The design of the edifice was realized by a city counselor for buildings, Wilhelm Lincke. The new institution comprised 40 beds distributed in two departments, surgical and internal. In 1900, the facility expanded to 68 beds and in 1902, an additional building housing 25 beds for contagious patients was erected contiguously, with funds from German donors and city authorities.

At the rise of the Second Polish Republic, the institution fall under the responsibility of Bydgoszcz mayor. In 1925, the 90-bed hospital was managed by 3 doctors, 14 deaconess sisters and 2 nurses. In 1926, a new 30-bed pavilion was built in the vicinity, dedicated for patients with Typhoid fever, Scarlet fever, Influenza and STIs. In 1938, the hospital housed 128 beds.

During the nazi occupation, the establishment was used for Wehrmacht soldiers. After WWII, since the main building was still occupied as a military facility, the hospital was reorganized for a few months around two barracks by Dr. Władysław Baranowski, head of the city health department. In 1949, the infectious diseases ward was moved to the Hospital for Infectious Diseases at 10 Świętego Floriana Street and the institution transformed into the Municipal Pulmonary Hospital: with 144 beds, Władysław Baranowski was raised to the position of director.
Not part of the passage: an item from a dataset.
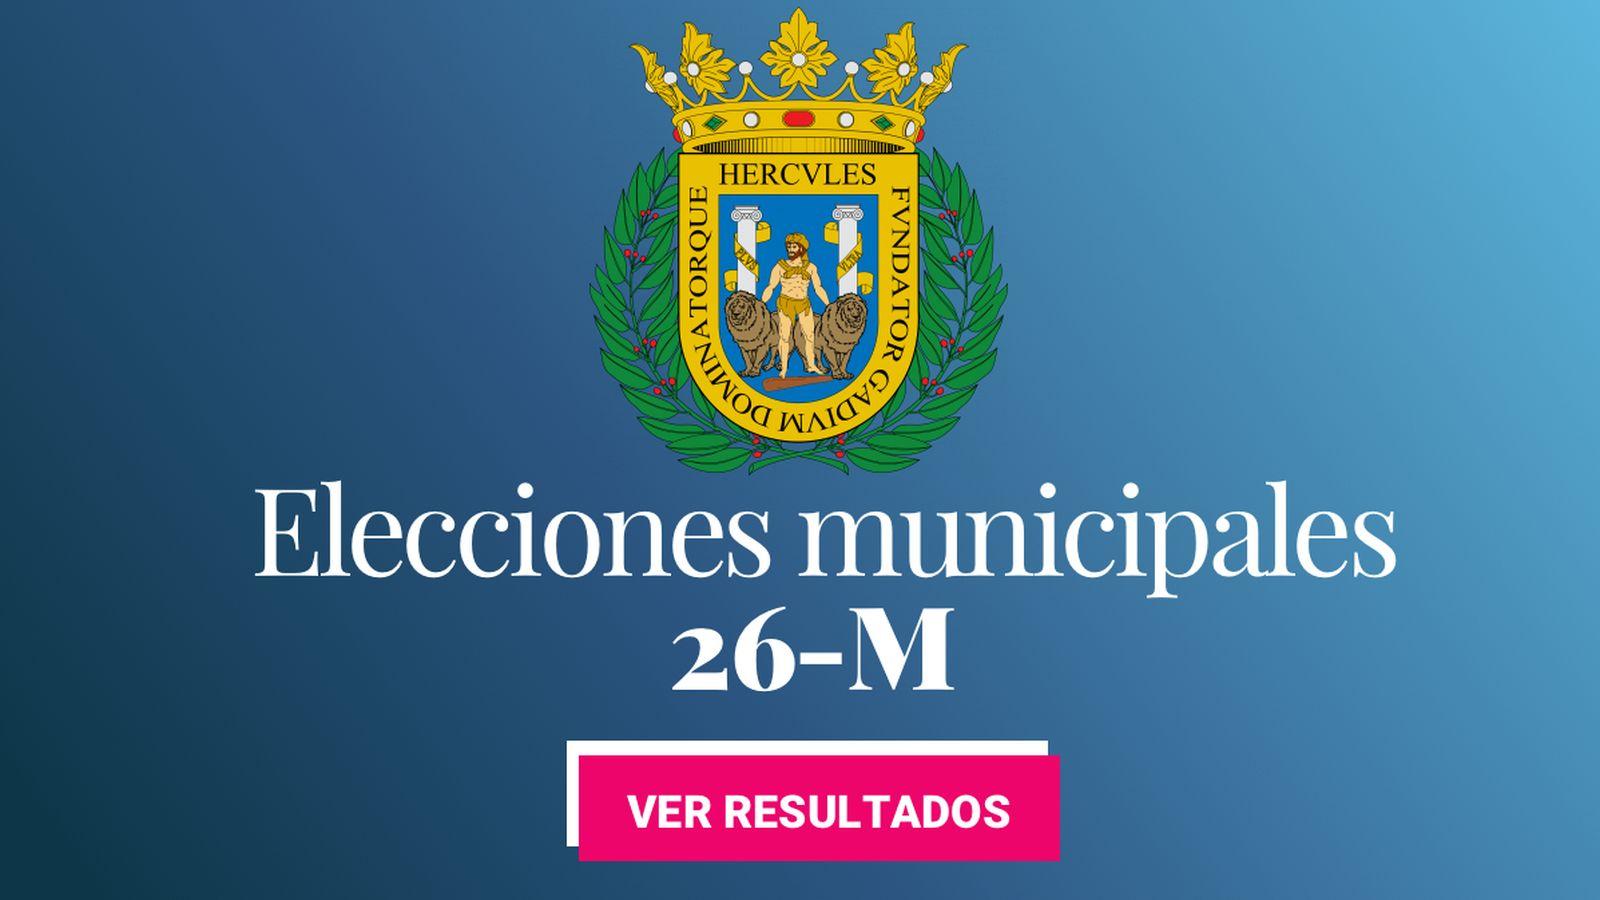 Foto: Elecciones municipales 2019 en Cádiz. (C.C./EC)

In 1953, the hospital was named after Dr. Alfred Sokołowski, a pioneer in studying and treating tuberculosis in Poland. In 1954, Władysław Baranowski unsuccessfully requested the clinic to expand to the neighboring building of the Seminary at Nr.3. In 1959, the barracks were razed and the erection of a modern extension to the historic building started. During the works, which lasted till 1964, patients were received with difficulties in an edifice at Stawowa street. In 1975, a branch of the Pulmonology faculty of the Medical University of Gdańsk was housed there: it became in 1985 the new Medical University in Bydgoszcz. At that time, the medical ensemble encompassed three facilities:
- the Provincial Tuberculosis and Lung Diseases Clinic at 11 Gimnazjalna street;
- the Alfred Sokołowski Provincial Pulmonary Hospital at 1 Seminaryjna street;
- the tuberculosis Sanatorium in the northern district of Smukała.
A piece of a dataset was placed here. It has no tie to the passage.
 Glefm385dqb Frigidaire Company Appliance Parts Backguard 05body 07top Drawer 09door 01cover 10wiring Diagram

In 1992, the foundation took the name of Provincial Hospital of Tuberculosis and Lung Diseases. In 2000, the hospital received the direction of the Smukała sanatorium and moved there the Tuberculosis Treatment Department, together with the Rehabilitation Department and the Tuberculosis and Lung Diseases Department (in 2004).
In 2003, the institution changed its name to Kujawsko-Pomorskie Pulmonology Centre in Bydgoszcz. In 2020, Bydgoszcz authorities announced further investments in the centre, in particular to erect additional building extensions.

The historic building displays historicist red brick facades, leaning to Neo-gothic forms: many other instances of this architecture can be found in the city (Main Post Office building, 18 Grodzka Street, 10/18 Świętego Floriana Street). The multi-storey edifice comprised two rectangular-shape buildings, linked by the extension of the right side gabled wing. One can appreciate avant-corps turrets or pointed arches portals still bearing the Christian cross as a remembrance of the religious origin of the clinic.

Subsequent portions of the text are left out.